Dr Jamie Kennedy-Turner

Career Development Fellow

Background

I studied Psychology at the University of York, graduating in 2013, after which I worked in a variety of clinical roles while undergoing additional academic study and clinical training.

Having worked for a year as a support worker in the North East, I then trained and worked as a Psychological Wellbeing Practitioner (PWP) in busy IAPT services in Wolverhampton and York, completing a PGCert in Low Intensity Psychological Interventions at the University of Sheffield in 2016.

I first studied at the University of Edinburgh in 2017, having moved up to complete an MSc in Applied Psychology for Children and Young People at the University of Edinburgh, while training to be a Clinical Associate in Applied Psychology (CAAP). I loved living in Edinburgh and studying on this course, which I finished in 2018. I then worked for NHS Lanarkshire as a Mental Health Clinician in the CAMHS Early Interventions Team for a number of months before gaining a place on the Edinburgh DClinPsychol training course, from which I graduated in 2021. I was a CAMHS-aligned trainee, whose research focused on investigating the associations between expressed emotion (EE), attachment, reflective functioning and self-harm in late adolescence.

I currently work three days at the University in a Career Development Fellow post, and two days a week as a Clinical Psychologist in NHS Lothian CAMHS.

Postgraduate teaching

I currently do some teaching on the Doctorate in Clinical Psychology, with a focus on reflective practice and anxiety.

Areas of interest for supervision

I am currently supervising a number of MSc and DClinPsychol research projects in the areas of attachment, reflective functioning, self-harm and expressed emotion.

Research summary

My research interests include child and adolescent mental health and self-harm, mentalization, attachment, and family relationships and communication.

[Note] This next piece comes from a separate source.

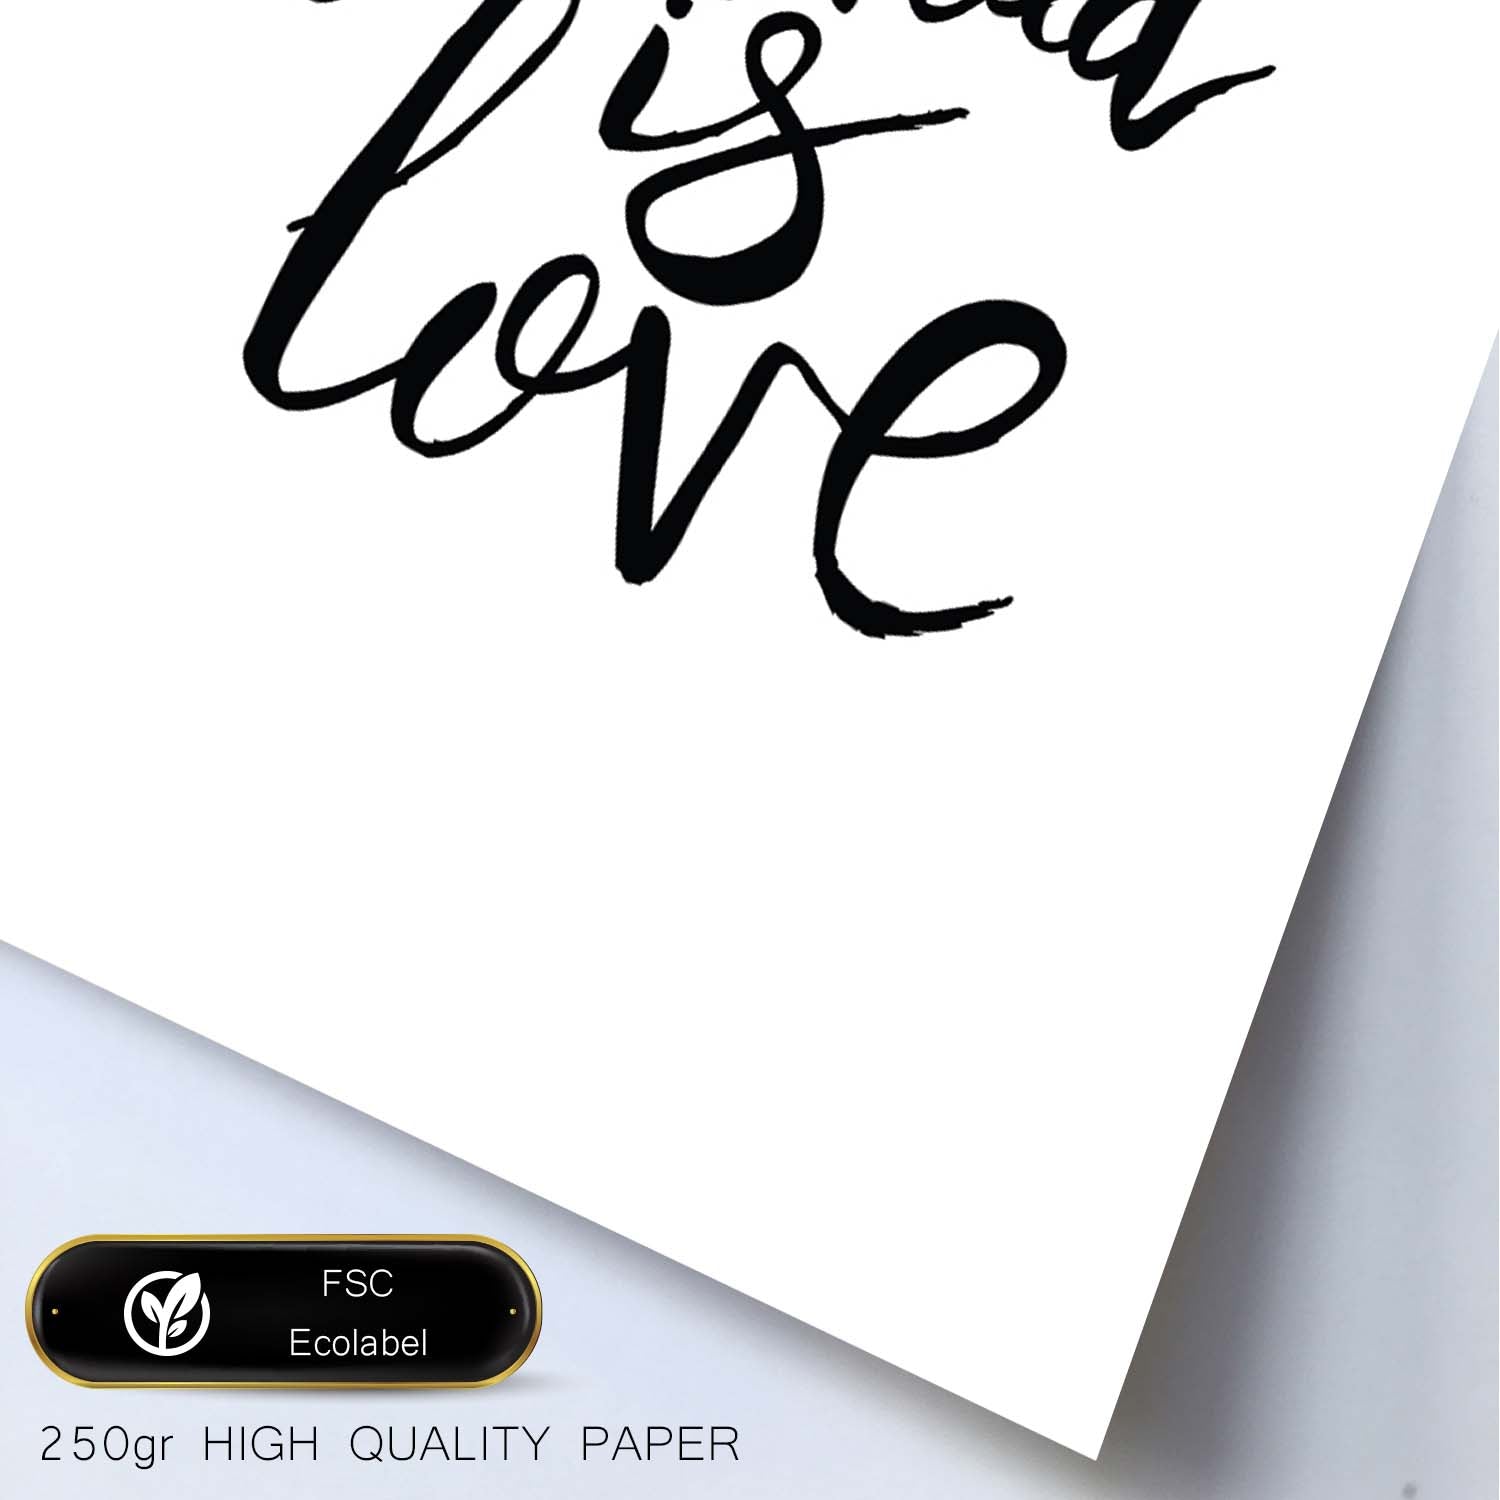 Lámina con mensajes felices en blanco y negro.Poster 'Todo Lo Que Necesitas Es Amor'-Artwork-Nacnic-Nacnic Estudio SL

Previous research projects I have completed include systematic reviews on children's body shape preferences and eating behaviours after exposure to unrealistically proportioned dolls, and the associations between parental Expressed Emotion and parent-child attachment security. For my doctoral research project, I tested a serial mediation model using data gathered from an online self-report survey completed by a convenience sample. The variables of interest were perceived Expressed Emotion, attachment insecurity, reflective functioning and self-harm in late adolescence. I am keen to do further research to evaluate this model, using longitudinal designs and self-, parent/carer-, and observer-rated measures.

Conference details

Kennedy-Turner, J., Murray-Dickson, K., & Sharpe, H. (2019, March 14th-16th). A systematic review on the effects of exposure to unrealistically proportioned dolls on children's body image and eating behaviours [Poster Presentation]. Poster presented by Dr Helen Sharpe at the Academy for Eating Disorders International Conference on Eating Disorders, New York, NY.